Given two strings: s1 and s2 with the same size, check if some permutation of string s1 can break some permutation of string s2 or vice-versa. In other words s2 can break s1 or vice-versa.

A string x can break string y (both of size n) if x[i] >= y[i] (in alphabetical order) for all i between 0 and n-1.

 

Example 1:

Input: s1 = "abc", s2 = "xya"
Output: true
Explanation: "ayx" is a permutation of s2="xya" which can break to string "abc" which is a permutation of s1="abc".

Example 2:

Input: s1 = "abe", s2 = "acd"
Output: false 
Explanation: All permutations for s1="abe" are: "abe", "aeb", "bae", "bea", "eab" and "eba" and all permutation for s2="acd" are: "acd", "adc", "cad", "cda", "dac" and "dca". However, there is not any permutation from s1 which can break some permutation from s2 and vice-versa.

Example 3:

Input: s1 = "leetcodee", s2 = "interview"
Output: true

 

Constraints:

  • s1.length == n
  • s2.length == n
  • 1 <= n <= 10^5
  • All strings consist of lowercase English letters.

Solution Explanation:

This problem asks whether one string's permutation can lexicographically dominate another string's permutation. The solution leverages the fact that sorting the strings allows for a straightforward comparison.

Approach:

  1. Sort: Sort both input strings s1 and s2 alphabetically. This ensures that we're comparing the strings in their lexicographically "best" possible forms.

  2. Check Domination: We need to check if one sorted string dominates the other (meaning every character in one string is greater than or equal to the corresponding character in the other). This is done twice: once for s1 potentially dominating s2, and once for s2 potentially dominating s1.

  3. Return: The function returns true if either domination condition is met, indicating that a permutation of one string can break a permutation of the other. Otherwise, it returns false.

Time Complexity Analysis:

  • Sorting each string takes O(N log N) time, where N is the length of the strings.
  • The check function (comparing the sorted strings) takes O(N) time.
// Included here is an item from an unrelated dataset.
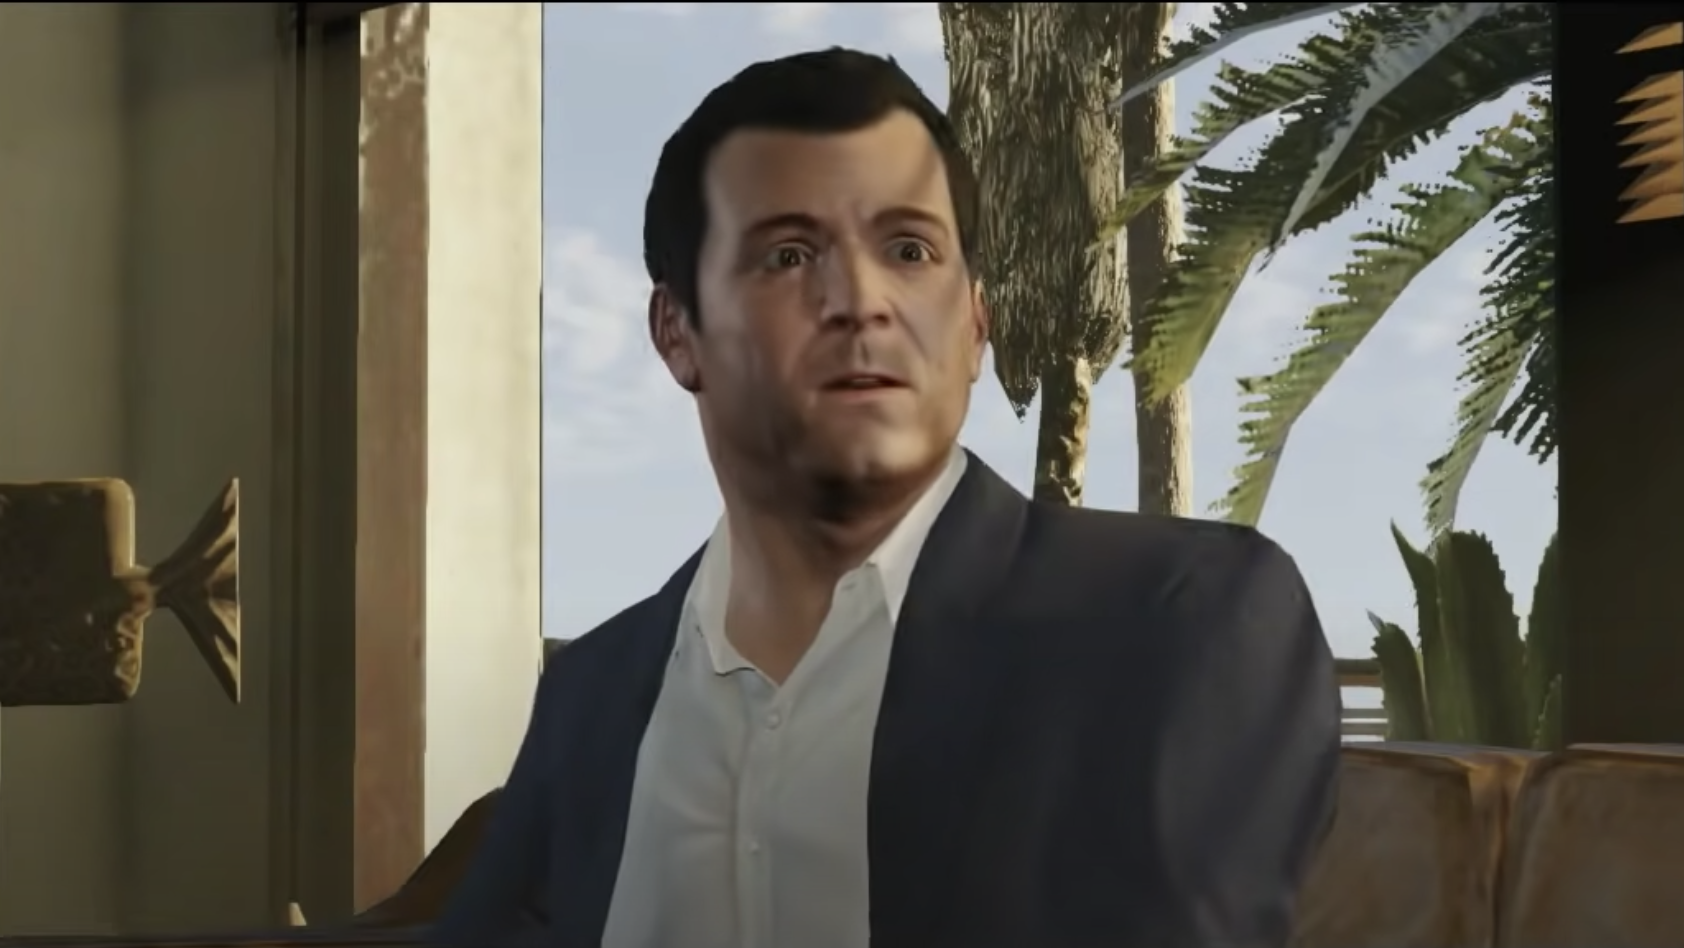 Rockstar “disappointed” with GTA 6 leaks, but development continues
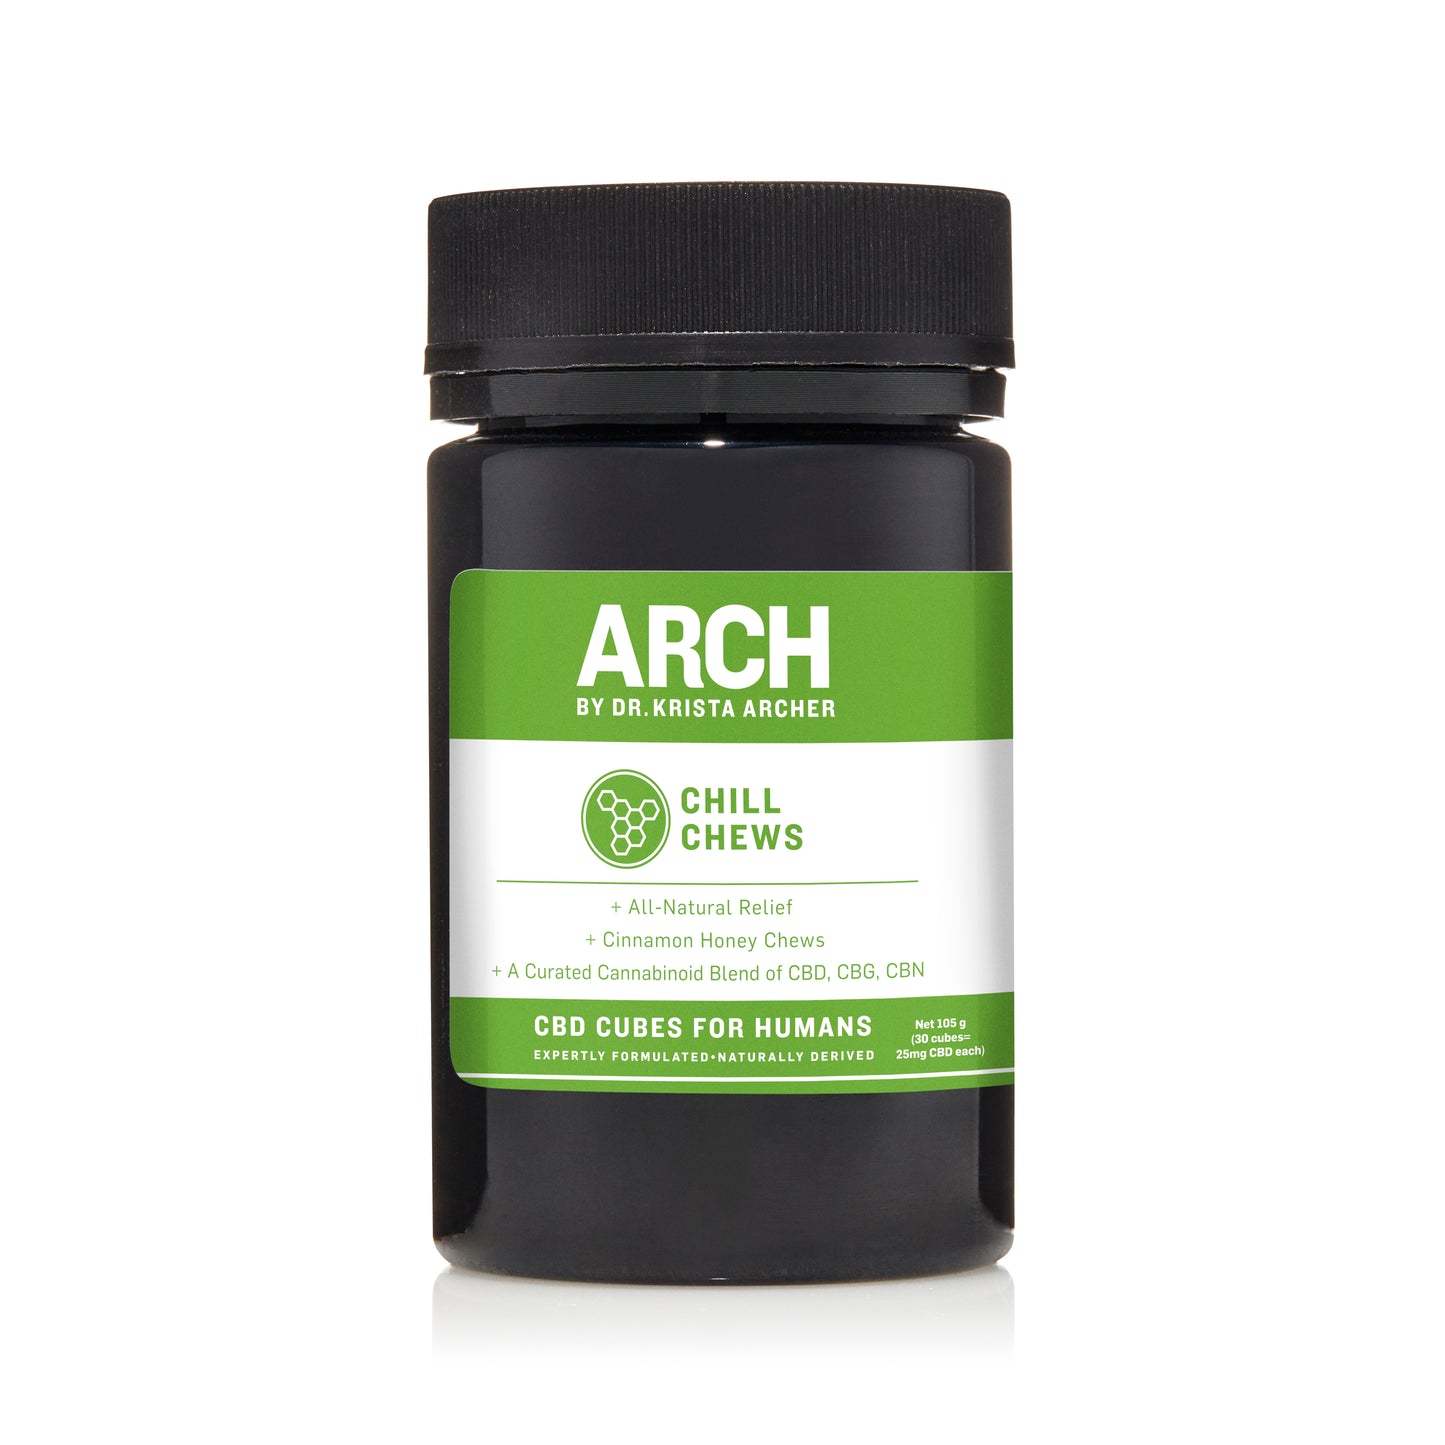 ARCH CBD Chill Chews for Humans – 105 g

Therefore, the overall time complexity of the solution is O(N log N), dominated by the sorting step.

Space Complexity Analysis:

The space complexity is O(N) in the worst case because we are creating sorted copies of the input strings in some implementations. In some languages like C++, the sort function may perform in-place sorting, reducing space complexity to O(1) in those cases. However, O(N) is a safe upper bound for space complexity.

Code Explanation (Python):

The Python code is concise and directly implements the approach:

class Solution:
    def checkIfCanBreak(self, s1: str, s2: str) -> bool:
        cs1 = sorted(s1)  # Sort s1
        cs2 = sorted(s2)  # Sort s2
        return all(a >= b for a, b in zip(cs1, cs2)) or all(  # Check if s1 dominates s2 or vice-versa
            a <= b for a, b in zip(cs1, cs2)
        )

zip(cs1, cs2) efficiently iterates through both sorted strings simultaneously. all(...) ensures that all pairwise comparisons satisfy the condition (greater than or equal to, or less than or equal to). The or combines both domination checks.

Code Explanation (Other Languages):

The code in Java, C++, Go, and TypeScript follows the same algorithmic approach. The differences primarily lie in syntax and how sorting and character array handling are implemented in each language. For example:

  • Java: Uses Arrays.sort() for sorting and iterates with a for loop and explicit array index access.
  • C++: Uses std::sort() for sorting and iterates with a for loop and explicit array index access.
  • Go: Uses sort.Slice() which requires a custom comparison function for sorting byte slices. Uses a nested function for better code organization.
  • TypeScript: Uses Array.from() to convert strings to arrays, .sort() for sorting, and for loops.

All the implementations, however, maintain the same core logic of sorting and comparing the strings to determine if one can break the other.